***** Data block

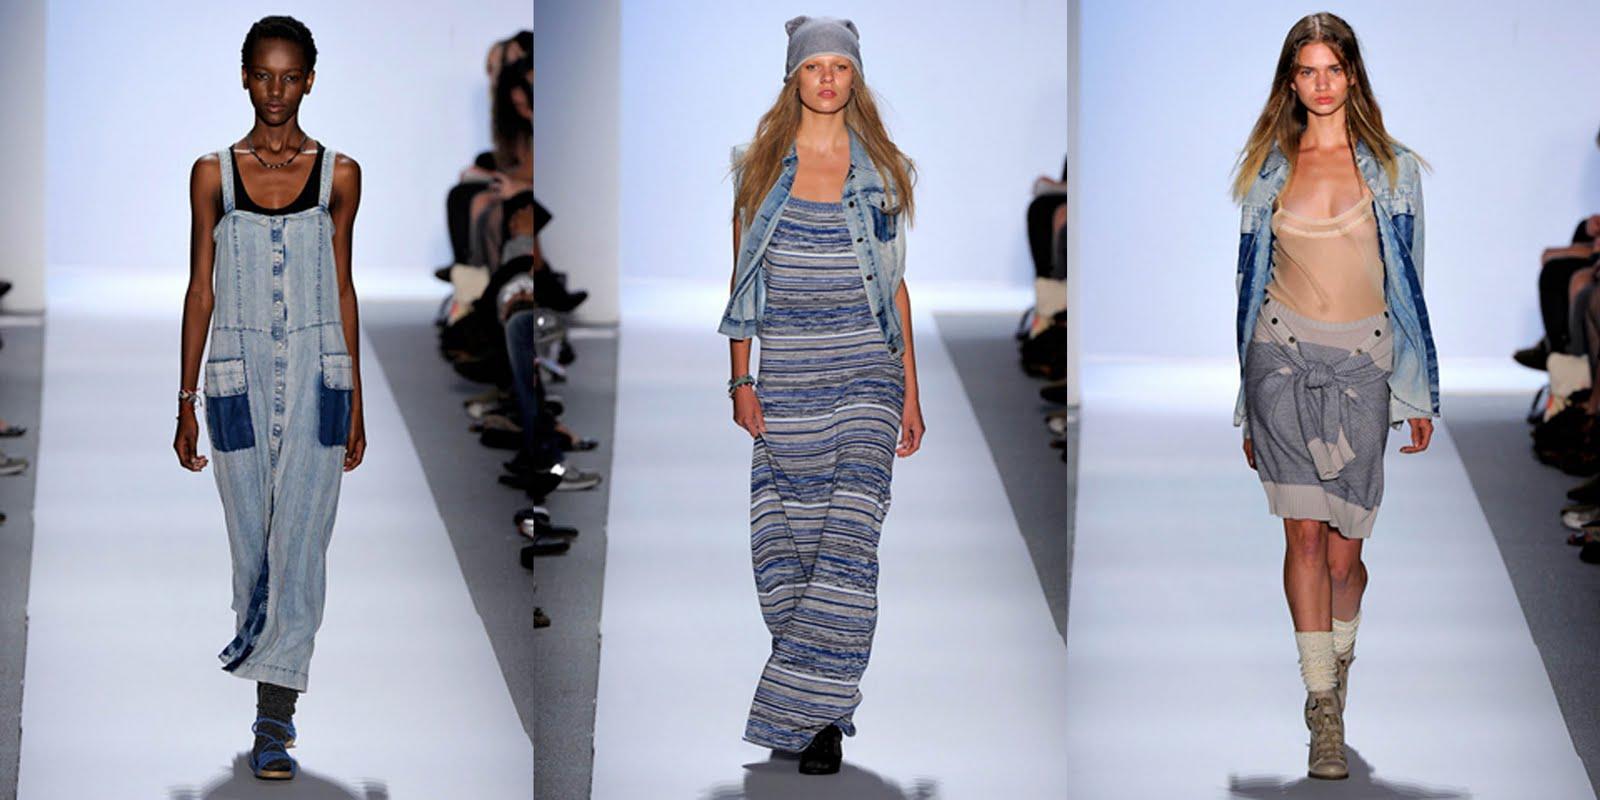 http://4.bp.blogspot.com/_coxNQvJjwWk/TKThcTHslnI/AAAAAAAABnE/Jr9D6W12jJI/s1600/charlotte+ronson2.jpg
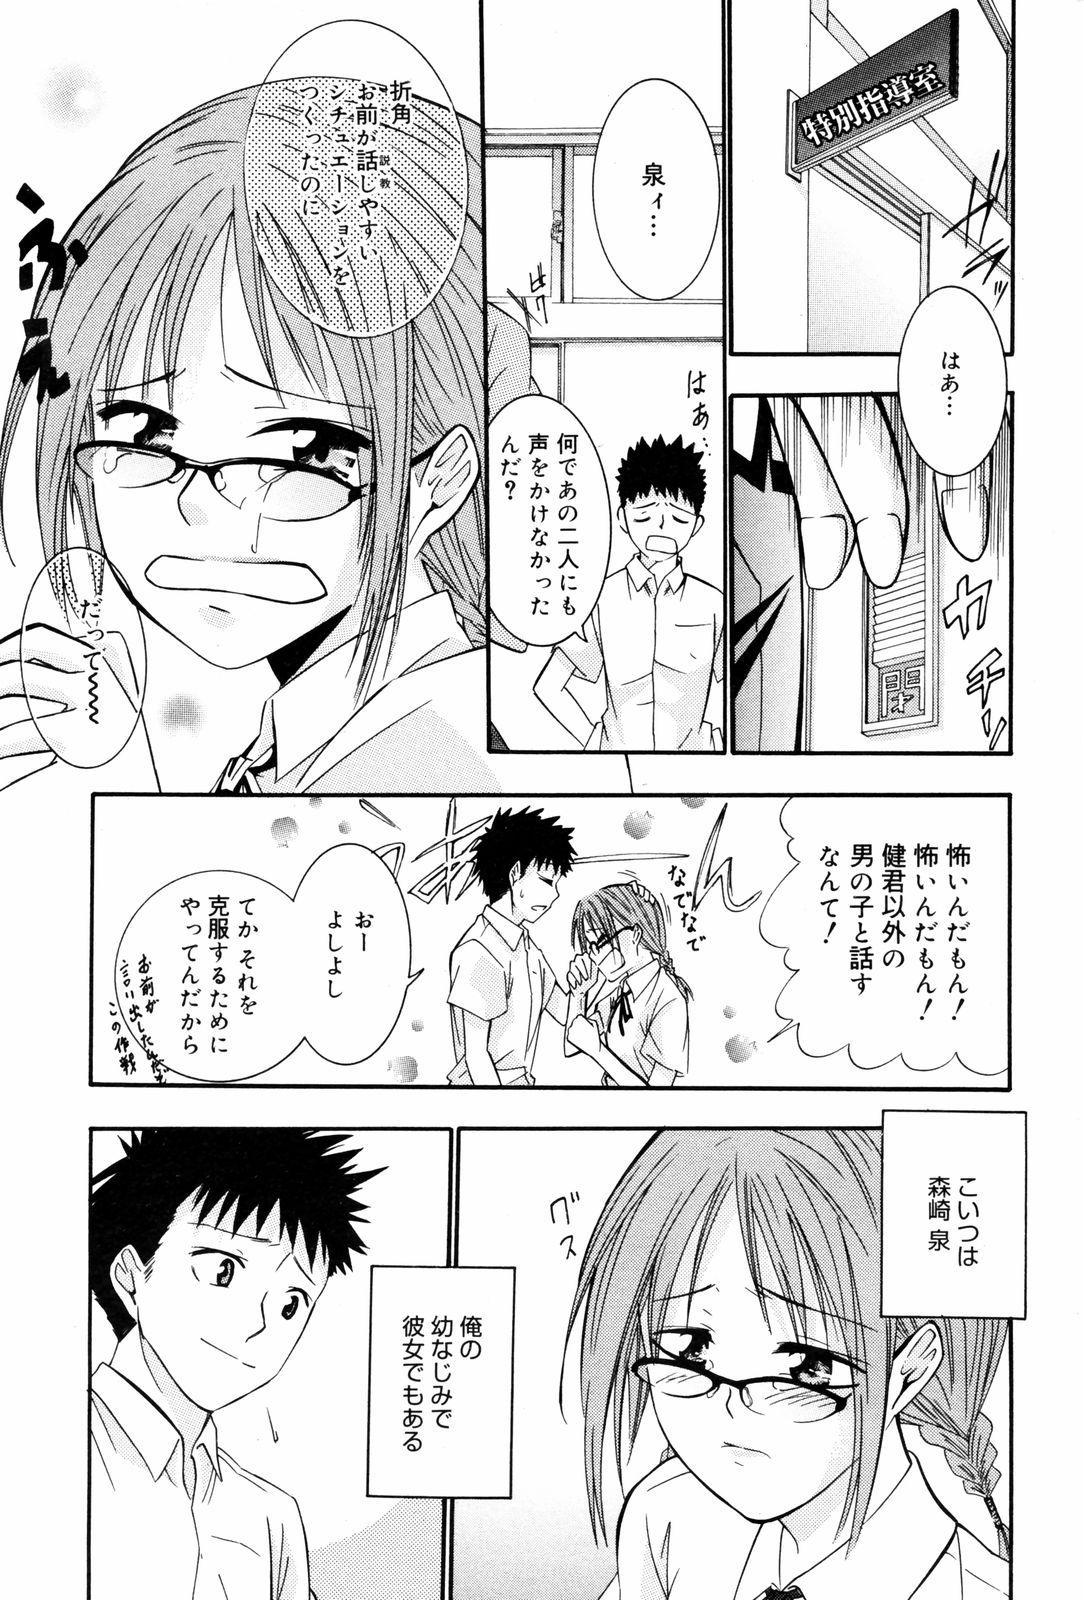 Manga Bangaichi 2008-03 230
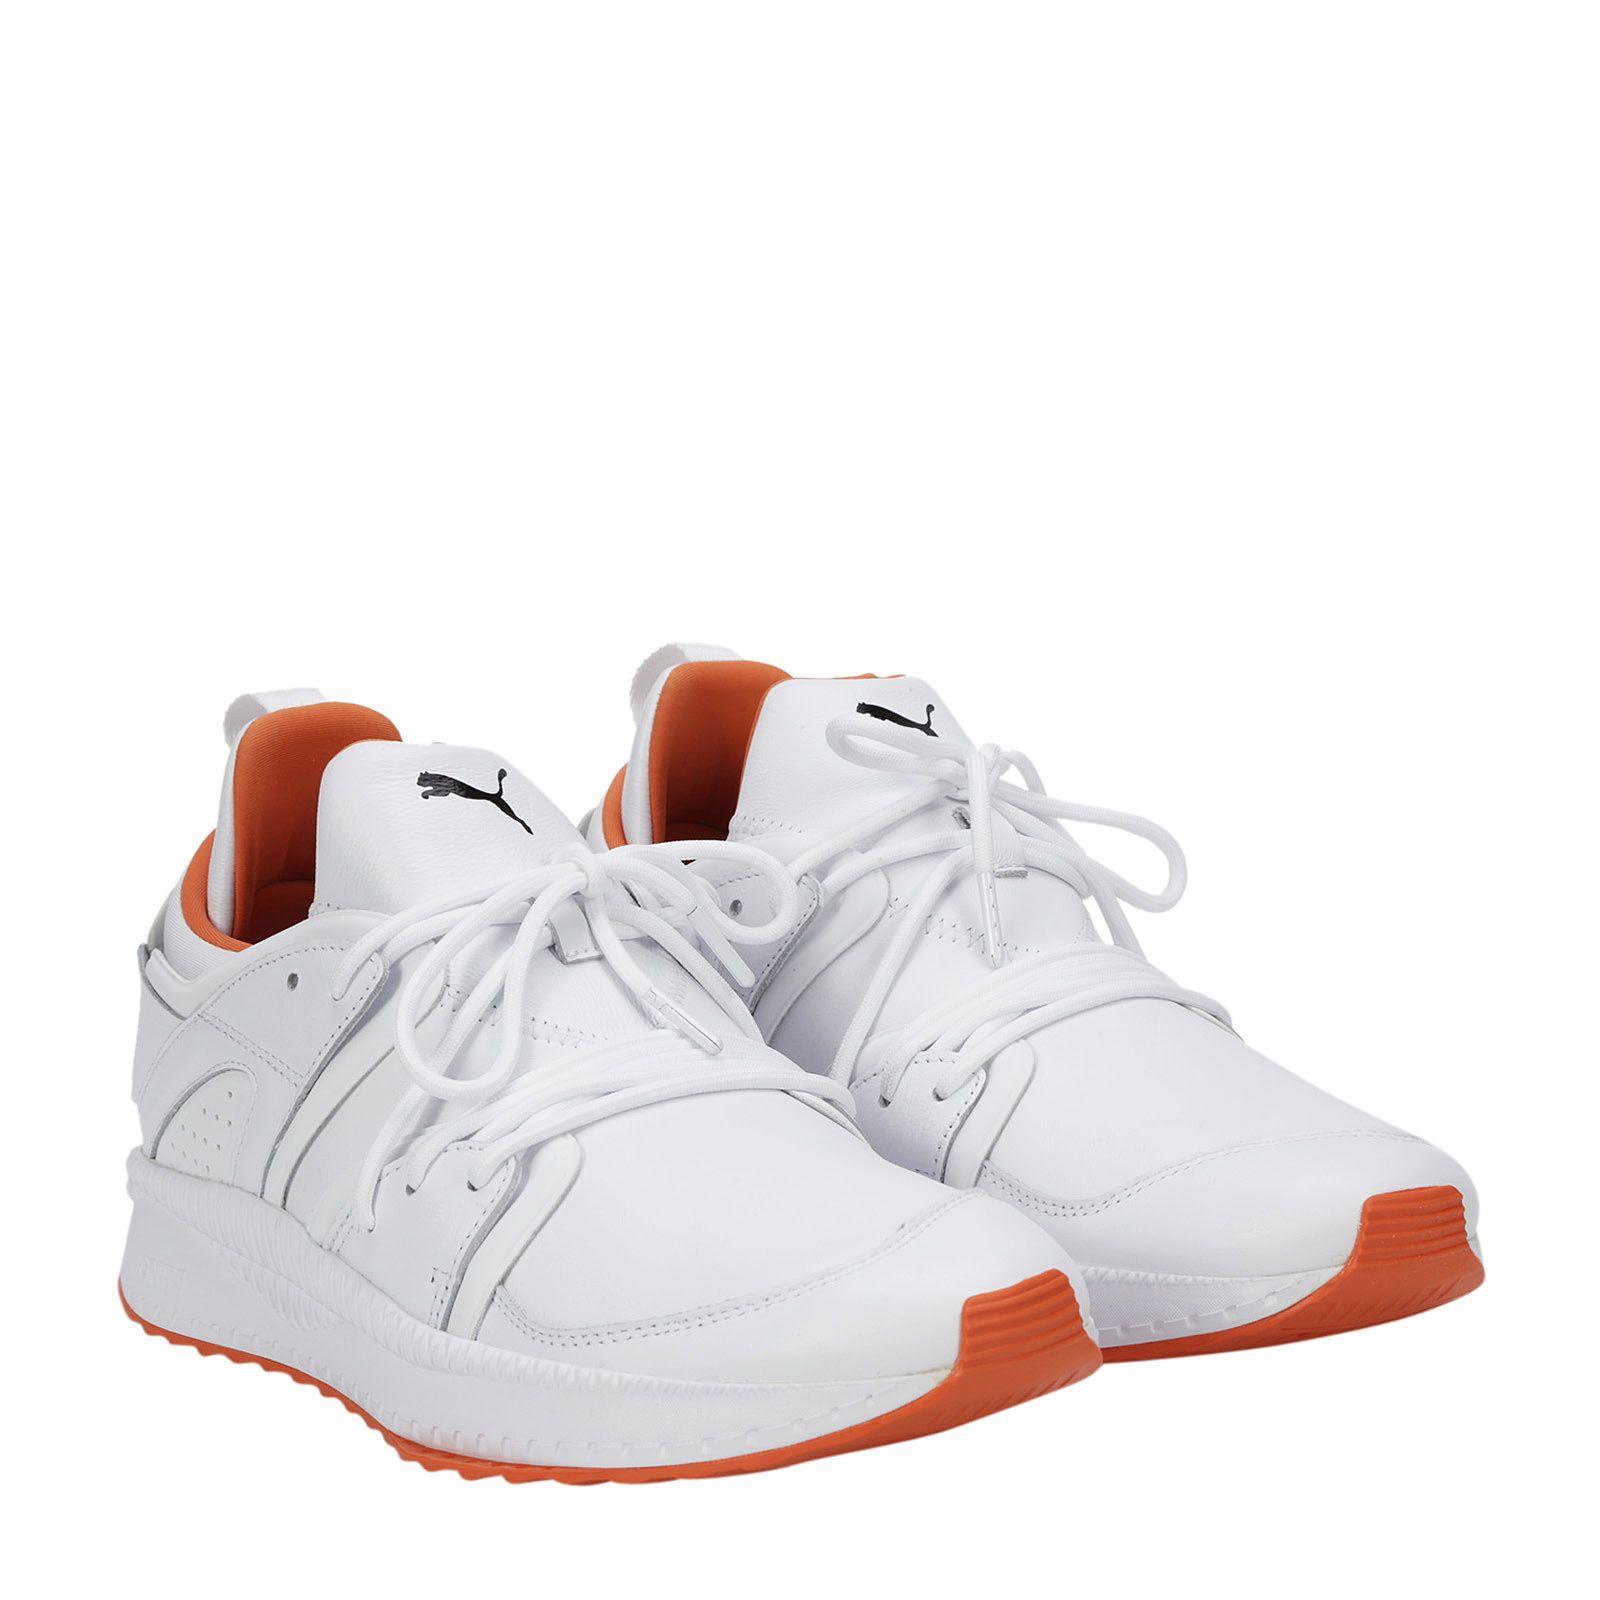 Puma Puma X Trapstar Tsugi Blaze Sneakers

**********

• **Task description**
The copy must begin with the line containing "Manga Bangaichi 2008-03 230", end with the last line of the material, match each line exactly, and hold no pictures.

• **Result of the task**
 Manga Bangaichi 2008-03 230
 Puma Puma X Trapstar Tsugi Blaze Sneakers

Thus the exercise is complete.